後、ブクマ&評価ありがとうございますm(_ _)m

「見えて来た! 流石にこのまま街に降りるのは不味いから、少し離れた所に降ろしてくれ」


 フロストドラゴンに指示を出すケンヤ。


 街の南側の離れた場所に降り立つ。


 南側に降りたのは南門の門番、ロイドに礼を言う為だ。


 ケンヤ達が街を出る際、色々を骨を折ってくれた人物である。


 フロストドラゴンは降り立つと


「もう! 結局あんた達、私の背に乗りっぱだったわね! 次はあんた達どっちかが乗せなさいよ!」


 トオルとミコトを睨む。


 睨まれたトオルとミコトは自分のせいでは無いのに何故か……


「「ゴメンなさい……」」


 …………2人して謝っている。


 雷龍は


「ミコトちゃん悪く無いのに……可哀想……」


 光龍も


「フッ!」


「あんた達のせいでしょ!!」


 どうやら神龍達の間でフロストドラゴンは弄られ役の様だ……


 ケンヤ達は同情の目を向けると……


「そ、そんな目で見られたら……私が可哀想な人に思われているみたい……お願いですから止めて下さい……」


 サラが泣きそうに……


 色々ややこしい事になっている……


 もう! と一言残し、フロストドラゴンは氷の結晶に姿を変えると、サラの中に入って行った。

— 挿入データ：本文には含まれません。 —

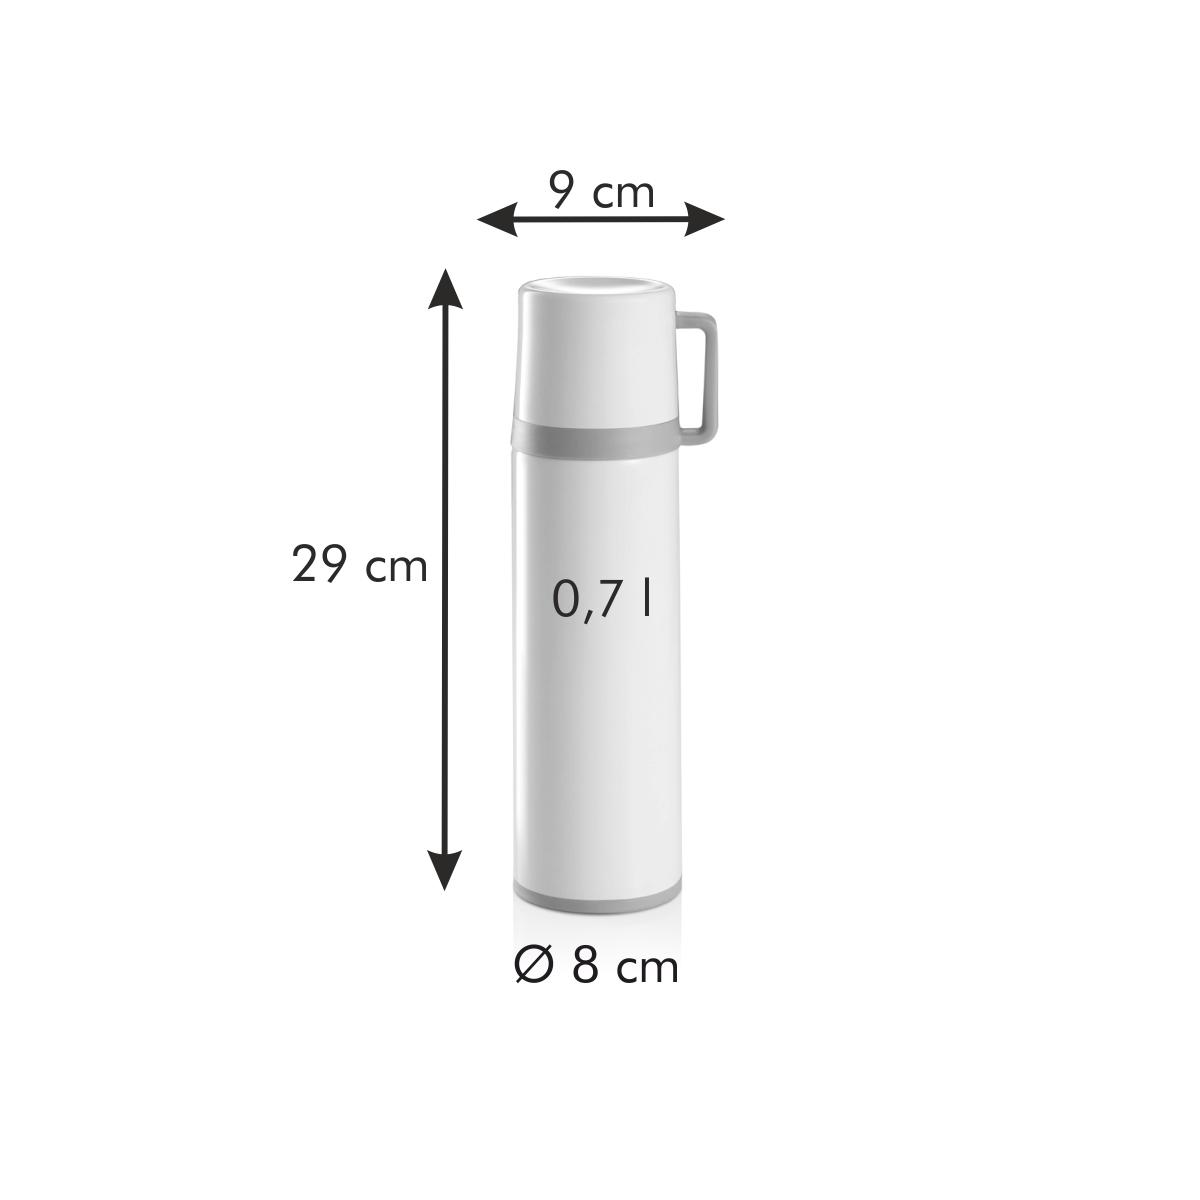 Termoska s hrníčkem CONSTANT CREAM 0,7 l, nerez

 プンスカお怒りのフロストドラゴンを放置し南門に向かうと


「あれ? なんかいっぱい兵士が……街に何かあったのか?」


 普段南門には門番が1人しか居ない。


 それが今は数十人の兵士が騒然と並び、しかもまだ夕方だと言うのに門は閉じられていた。


 兵士の1人が此方を見つけると驚愕し


「ま、まさか! 勇者ケンヤ様!! おーーい! 勇者様がお帰りになったぞーーーー!!」


 ゆ、勇者様!?


 しかもそんな大声で恥ずかし!!!


 ミコトは流石ケンヤさん! みたいな顔をするし、シル、トオル、サラ、アバロンは俺の心情を理解出来るのであろう……


 トオルとサラは苦笑い……


 シルとアバロンはニヤニヤしている……


 シルとアバロン……後でデコピン決定!!


 するとあれロイドさん? 


 ロイドさんが駆け足で近付いてくると


「ゆ、勇者様! お帰りなさいませ、今直ぐに馬車を用意させますので、今暫くお待ち願えないでしょうか?」


 ば、馬車!? しかもロイドさんの口調……


「ロイドさん、何かしこまってるんですか? 普通にして下さい、普通に! そんで馬車なんて必要ないですよ」


 ロイドは溜息をつき、ケンヤの耳元で……


(バカヤロ! 色々立場ってもんがあるだろ! お前は今勇者様なんだぞ! 普通に喋ってみろ、俺は上司から大目玉だ!!)


 あ、なるへそ!


 リーマンは大変だね〜なんて思っていると、ロイドさんはミコトを凝視している。


「あ、ミコトは初めてだったな! ロイドさん、コイツはミコト、魔王のミコトだ! ミコトもロイドさんに挨拶な! 俺この街に来た時も出る時も、このロイドさんに世話になったんだ!」


「まあ! そうなんですね。ロイドさん、私はミコトと言います。一応魔王なんてしてます、よろしくお願いします」


 ミコトが頭を下げると……


「ま、ま、ま、魔王!!!」


 ロイドは素っ頓狂な叫び声を上げて腰を抜かし、その叫び声を聞いた兵士達はざわつき始める。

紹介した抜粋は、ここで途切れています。